De algún modo, comprendió que ese teléfono estaba a punto de cambiar su vida por completo.

Descolgó con mano temblorosa.

– Sus padres le habían facilitado mi número y pedido que me diera la noticia. Era un tipo de la embajada española en París. Me dijo que todo había sucedido muy rápido. -Alzó los ojos y miró al médico-. Se resbaló en la bañera de la habitación del hotel, se golpeó la cabeza y quedó inconsciente… La bañera estaba llena y murió ahogada. Una muerte romántica, ¿eh?

– Todas las muertes son vulgares -replicó Ballesteros sin inmutarse con el sarcasmo-. Lo romántico es seguir vivos. Pero ¿ha notado los detalles? La bañera, el acuario…

– Sí. Acabo de recordar que anoche soñé que oía ruidos en la bañera antes de ver a esa mujer muerta.

– ¿Comprende ahora lo que le dije cuando le hablé de «residuos» de la mente? La bañera y el acuario son la misma cosa: lugares llenos de agua. Estamos a mediados de octubre, el mes próximo van a cumplirse dos años exactos de la muerte de esa chica, y su cerebro ya ha empezado a celebrar por su cuenta el aniversario. Pero no permita que eso le perjudique. Usted no tuvo la culpa de lo que sucedió, aunque sé que no me cree. Ése es el primer demonio que debemos expulsar: no somos culpables. -Abrió sus grandes manos abarcando un invisible espacio de aire-. Se han ido, Salomón, eso es todo lo que sabemos. Nuestro deber es decirles adiós y seguir caminando.

Tras un instante de silencio, Rulfo percibió por primera vez la humedad que cruzaba sus mejillas. Se secó con la manga de la chaqueta y se levantó.

– De acuerdo. No volveré a molestarle.

– Se le olvida el libro -advirtió Ballesteros-. Y venga a verme cuando quiera.
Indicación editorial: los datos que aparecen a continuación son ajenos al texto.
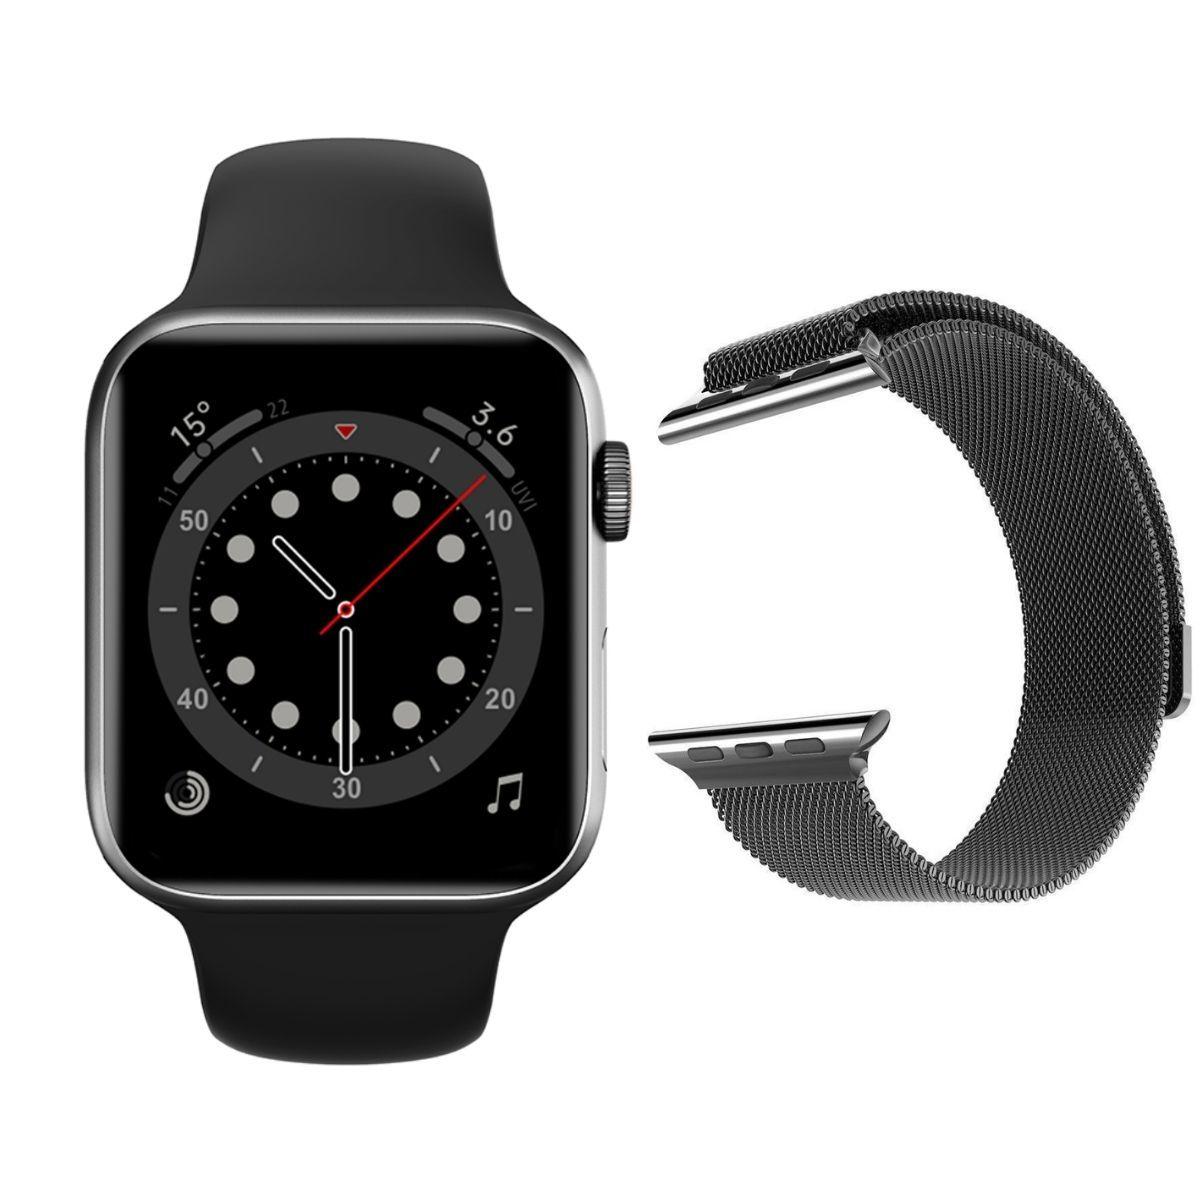 Смарт часы и браслеты Часы Smart Watch IWO 13 Lite (черные) с Миланским браслетом Milanese_loop_IWO13L__1_.jpg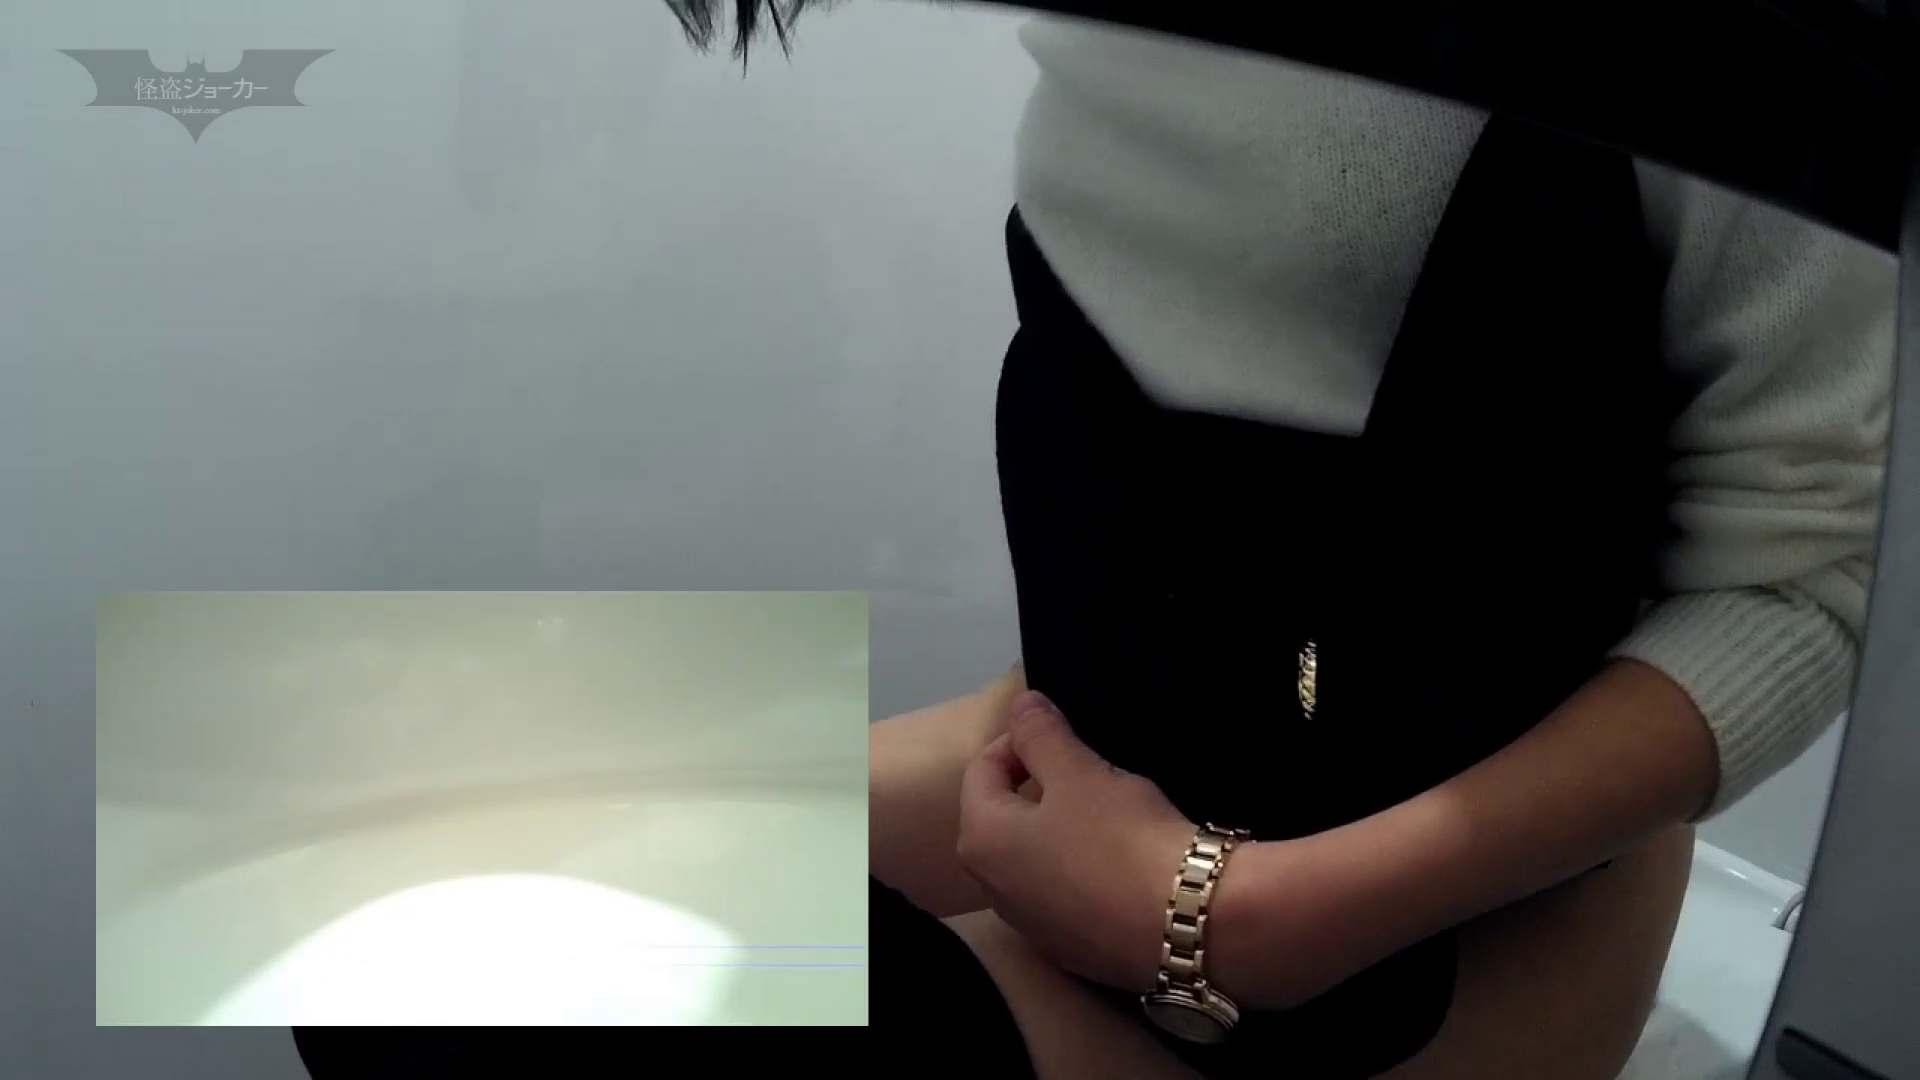 有名大学女性洗面所 vol.57 S級美女マルチアングル撮り!! OLの実態   マルチアングル  103pic 65

No es ninguna molestia.

Se dieron la mano y Rulfo salió de la consulta sin hablar más.

Incluso antes de llegar a su apartamento de Lomontano descubrió que se sentía mas lúcido que nunca. Quizá todo lo que necesitaba era hablar con alguien como había hecho con Ballesteros. Desde la muerte de Beatriz, su soledad había ido en aumento: había abandonado el trabajo de profesor, vendido el piso de Argüelles y roto el contacto con sus amigos de siempre. Solo César y Susana lo llamaban de vez en cuando, pero, naturalmente, después de todo lo sucedido entre ellos, era impensable reanudar una amistad.